La Hongrie a introduit un projet de lettre que le Président de la Sixième Commission adressera au Président de l’Assemblée générale et dont l’objectif est d’attirer l’attention sur certaines questions spécifiques liées aux aspects juridiques des rapports examinés par la Sixième Commission sur l’administration de la justice à l’ONU.
Enfin, la Commission a adopté un projet de décision contenant son programme de travail provisoire pour la quatre-vingtième session, qui se déroulera du 6 octobre au 21 novembre 2025.

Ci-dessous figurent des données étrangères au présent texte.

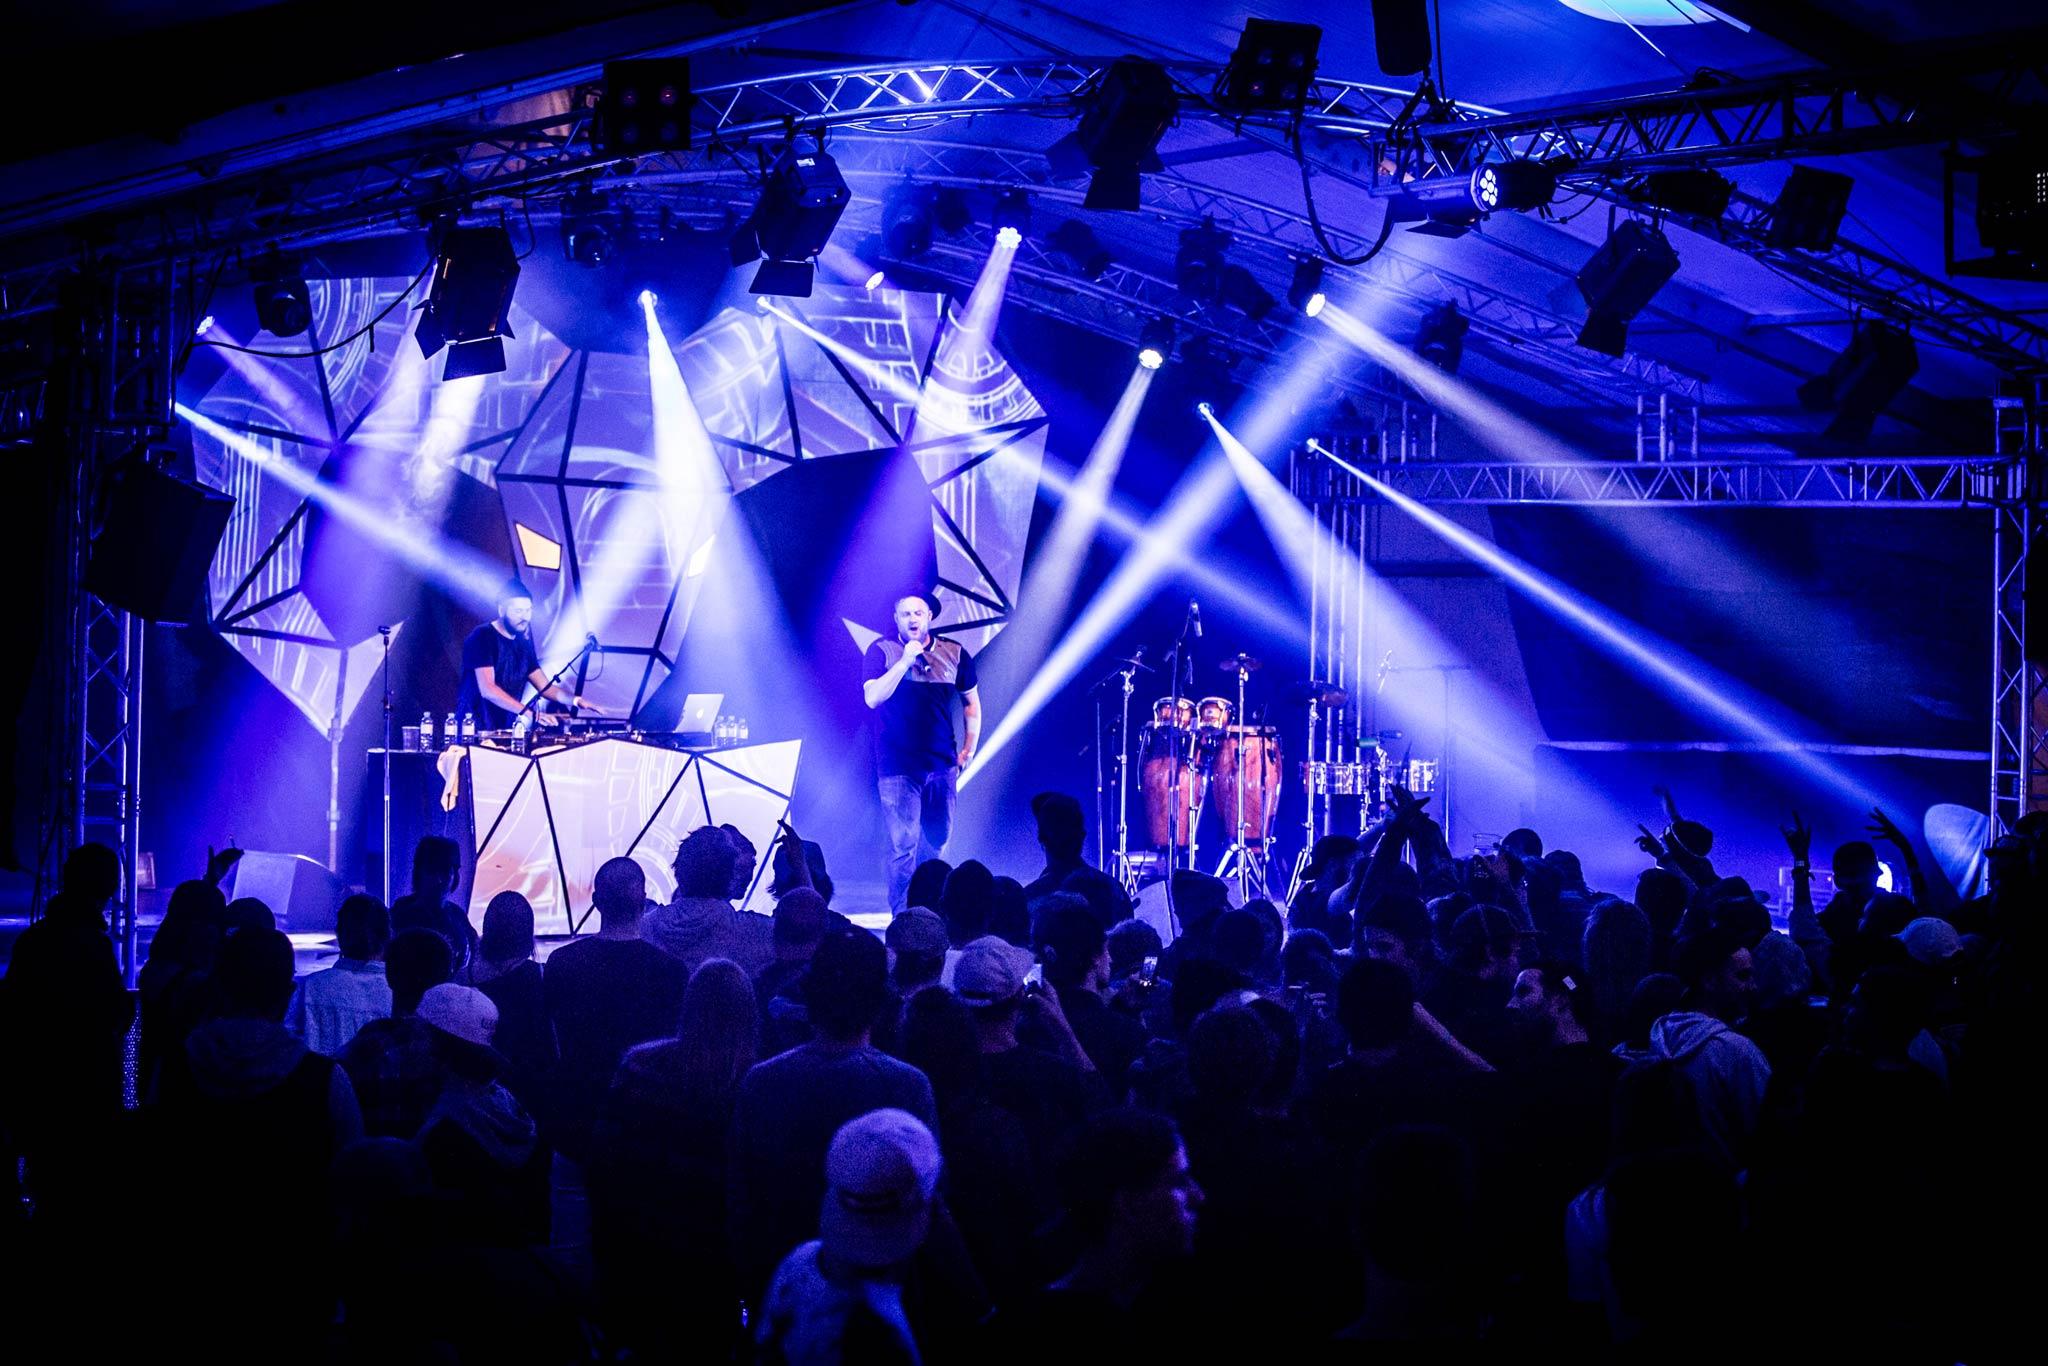 Feiern kam beim Kaunertal Opening noch nie zu kurz und so wird es auch 2017 wieder fette Parties geben!

La Sixième Commission se réunira à nouveau au cours de la présente session de l’Assemblée générale, courant 2025, pour élire le Bureau de la quatre-vingtième session. Le prochain Président sera issu du Groupe des États d’Asie et du Pacifique.
Après l’adoption du texte consacré aux crimes contre l’humanité, les délégations ont réitéré leur attachement à la tradition du consensus. C’est un « véritable tremplin » vers l’adoption d’une convention, un « jalon » dans le travail de la Commission, un « moment historique » pour la prévention des crimes contre l’humanité, ont salué la Sierra Leone, la Jordanie et le Royaume-Uni. Ce projet de résolution a « un poids moral, diplomatique et juridique » qui sera historique pour les générations à venir, a estimé la déléguée palestinienne, se félicitant, « le cœur lourd », de son adoption.
Néanmoins, le délégué tchèque a regretté d’avoir dû faire des concessions « immenses » pour préserver la tradition du consensus, jugeant cela « indigne » de la Sixième Commission. « Nous nous sommes retrouvés dans une situation où nous étions otages », a-t-il déploré, reprochant à la Russie d’avoir fait preuve de « mauvaise foi » pendant les négociations. Se disant honoré d’avoir pu mener ce projet à bien, le Mexique a espéré des négociations « plus transparentes et inclusives » lors de l’élaboration de la convention sur la prévention et la répression des crimes contre l’humanité.